In recent years, we have witnessed remarkable transformations in the AI/ML landscape. Particularly in computer vision and natural language processing, there is a notable emergence of Large Representation Models (LRMs) trained on extensive datasets, often referred to as foundation models. These LRMs possess the capability to encode information at a high level of abstraction, enabling the training of models on multimodal data such as text, image, sound, video, and more. This improvement in how models represent objects augments significantly their ability to understand and make sense of the world.

In the realm of science, we expect a similar revolution, triggered by the integration of heterogeneous multimodal scientific data from various sensor systems or sources into LRMs. Scientific data are often heterogeneous and multimodal in nature, originating from various sensors in embedded systems (robotics, aerospace), from different detector subsystems or different instruments in fundamental physics, or from different signal sources in a scientific experiment in general. The models can combine representations from neural networks with symbolic representations integrating a priori knowledge of the scientific domain.
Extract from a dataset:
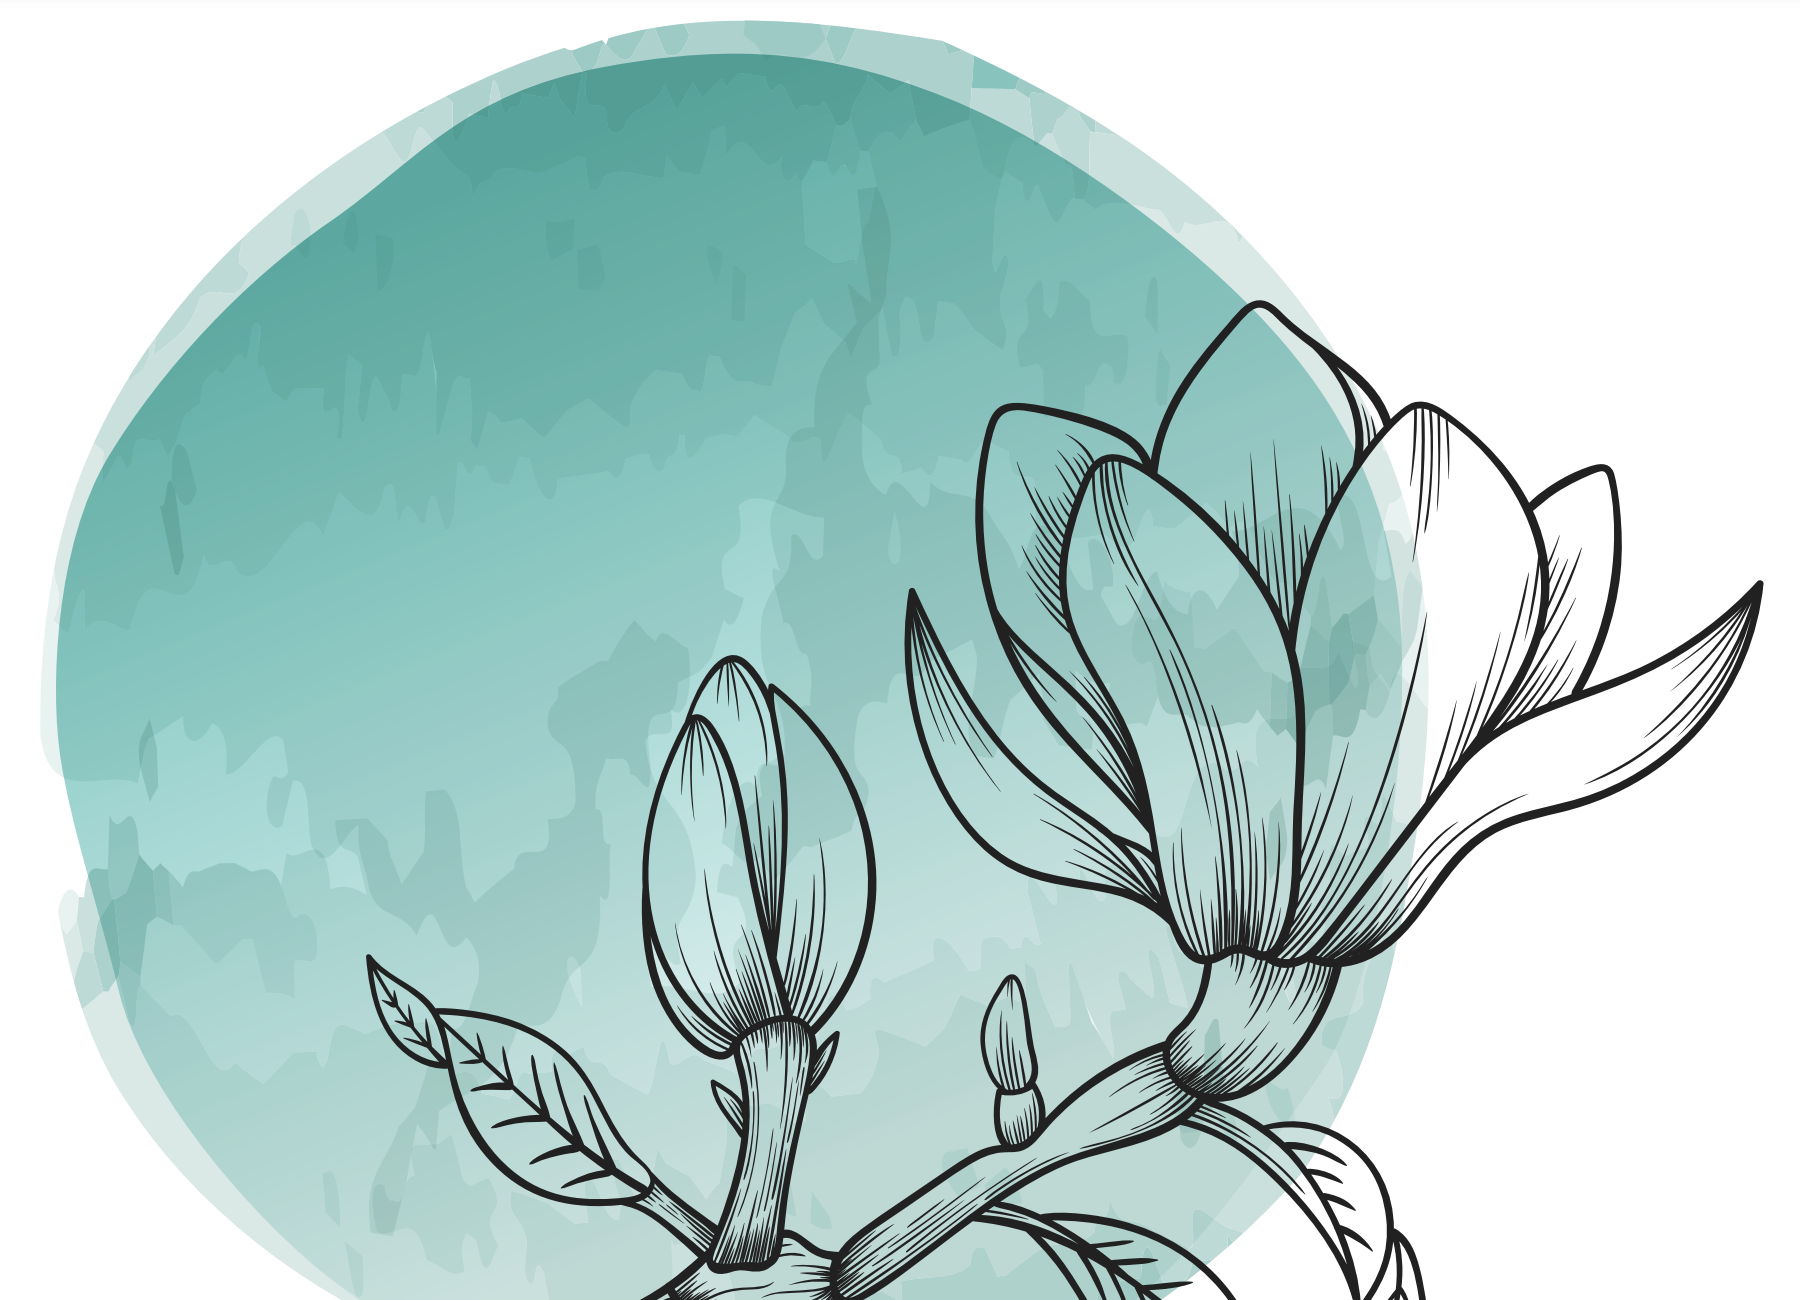 A line drawing of a flower with opening petals silhouetted against a pale green circle in the background.
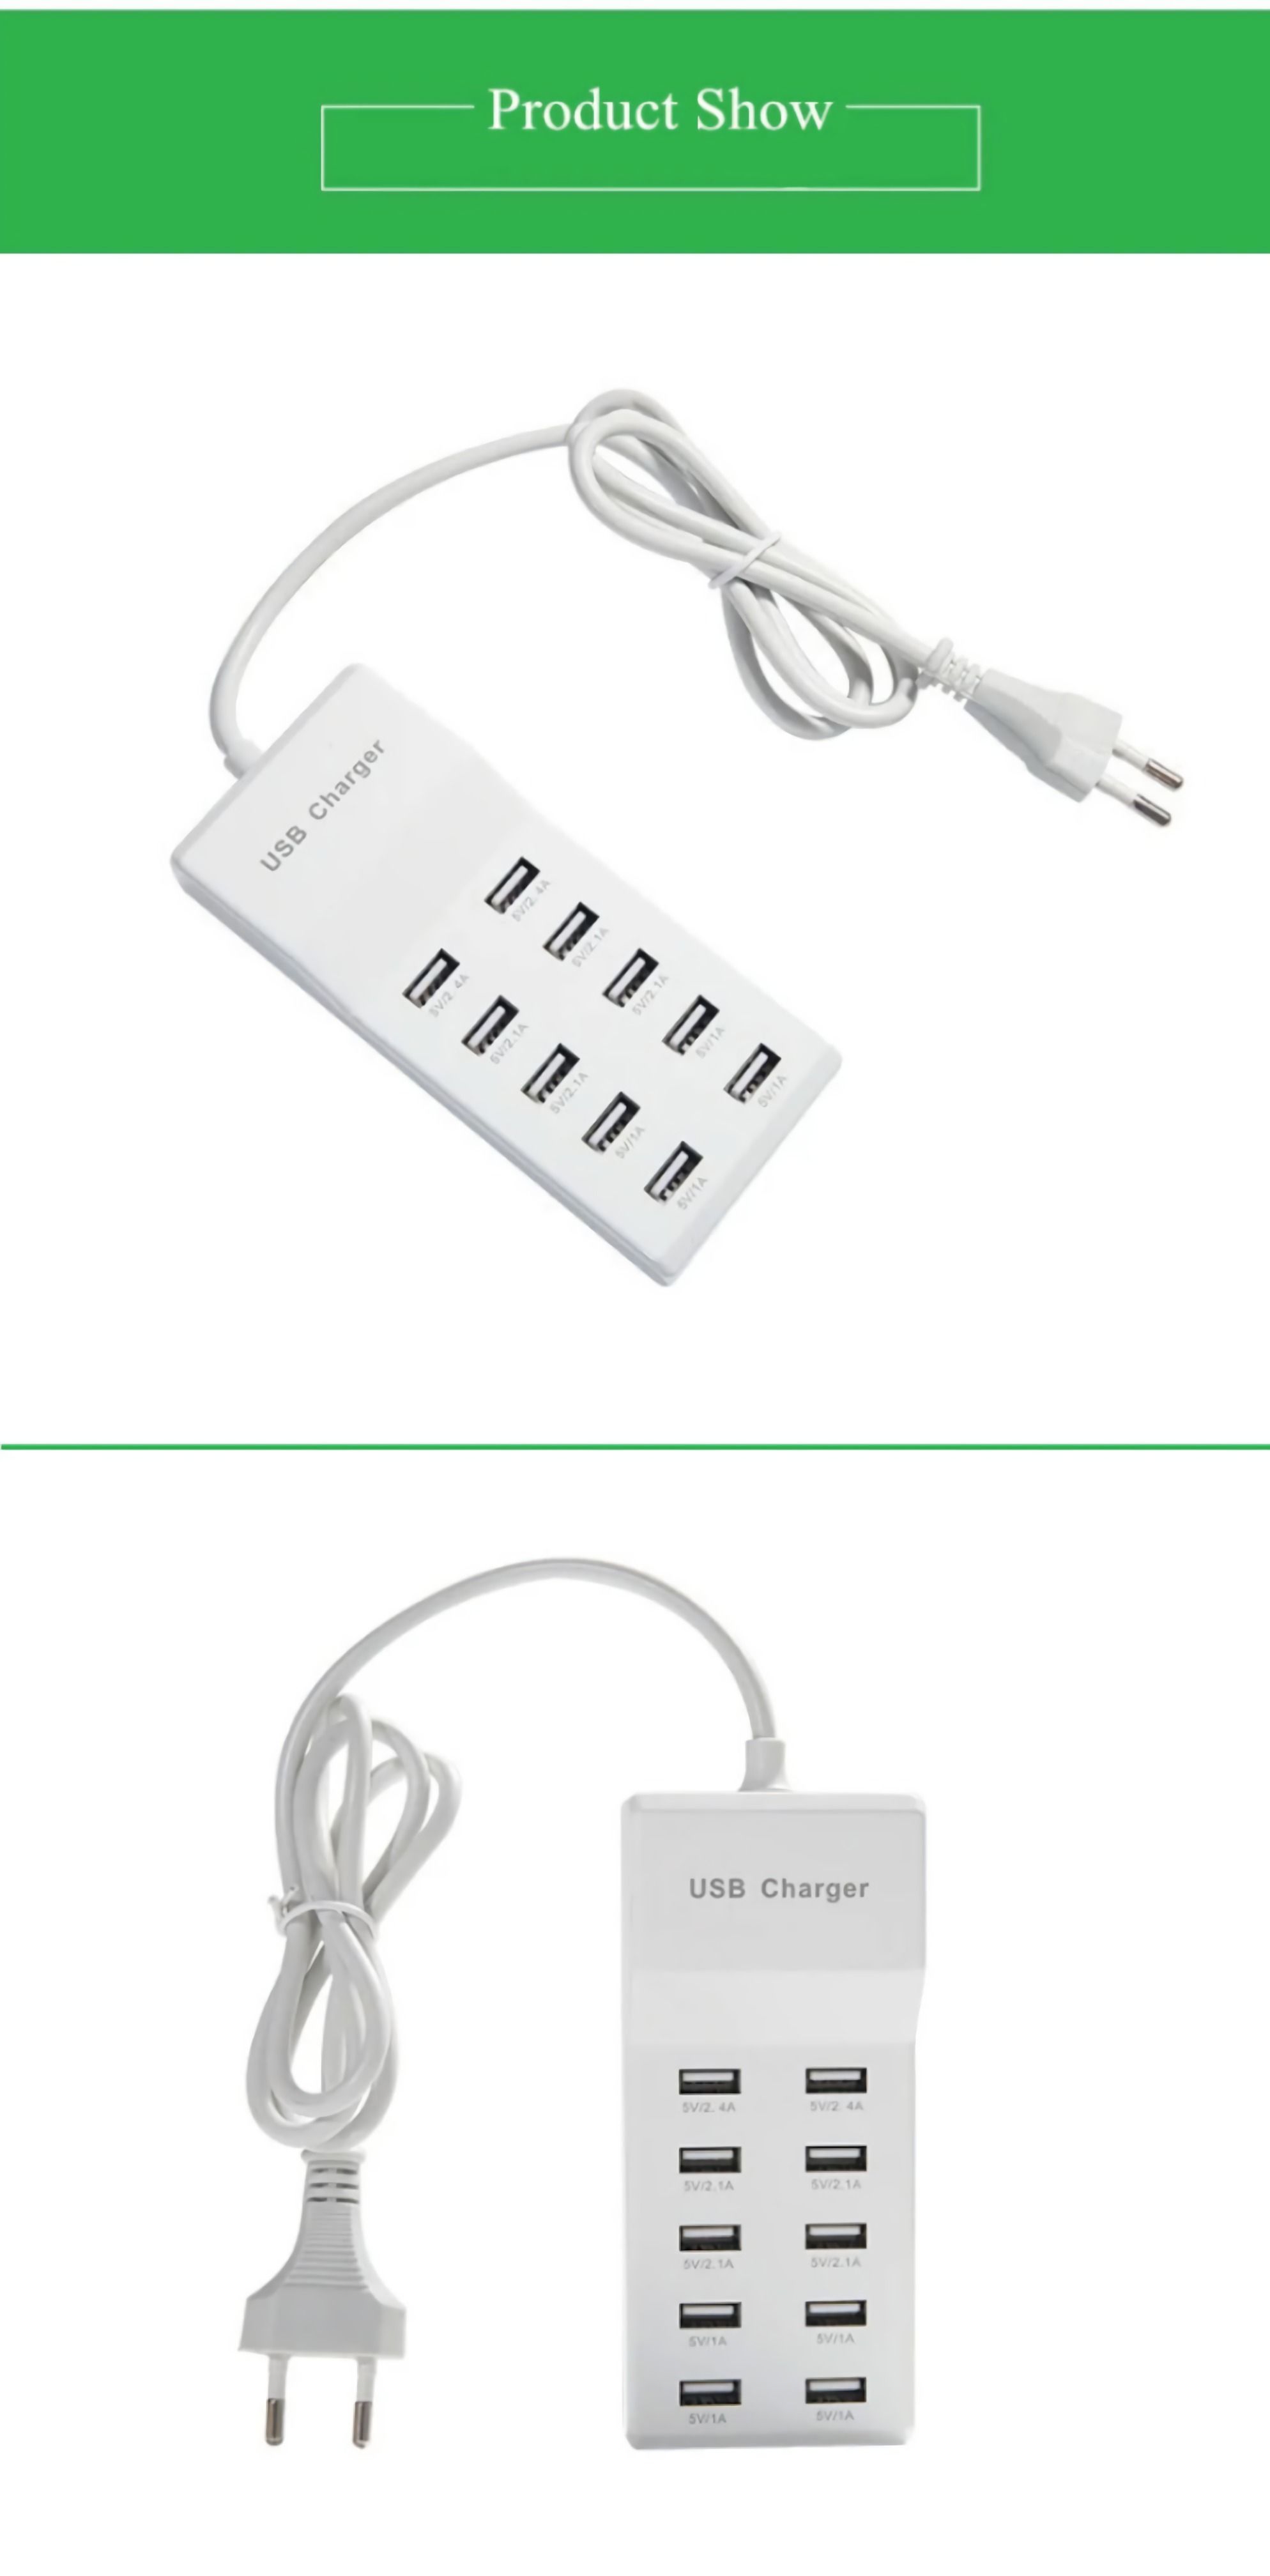 10-Port-USB-Tablet-Charger-EU-Plug-5V-24A-Wall-Charger-Hubs-for-Samsung-Huawei-Tablets-Phone-Pad-Fas-1658734

To be more specific: The expected revolution in science will likely start with the development and deployment of algorithms that solve specific problems using heterogeneous data as inputs, as for example in the control of a robot using data from sensors of different types (cameras, infrared proximity scanners, …); or the reconstruction of elementary particles in a detector that combines diverse technologies (silicon pixels and strips, calorimeters, …). At the same time, it should become possible to use machine learning to tackle problems where the analysis of one dataset requires multiple models to collaborate, with each model being an “expert” in one aspect of the data. An example from cosmology would be the analysis of the data of the LISA gravitational wave detector (link, link). LISA will observe the superposition of signals from a large, a priori unknown number of sources of different types (galactic binaries, mergers of massive black holes, and many others). Individual models might be trained separately for each type, and then learn to collaborate on a global analysis.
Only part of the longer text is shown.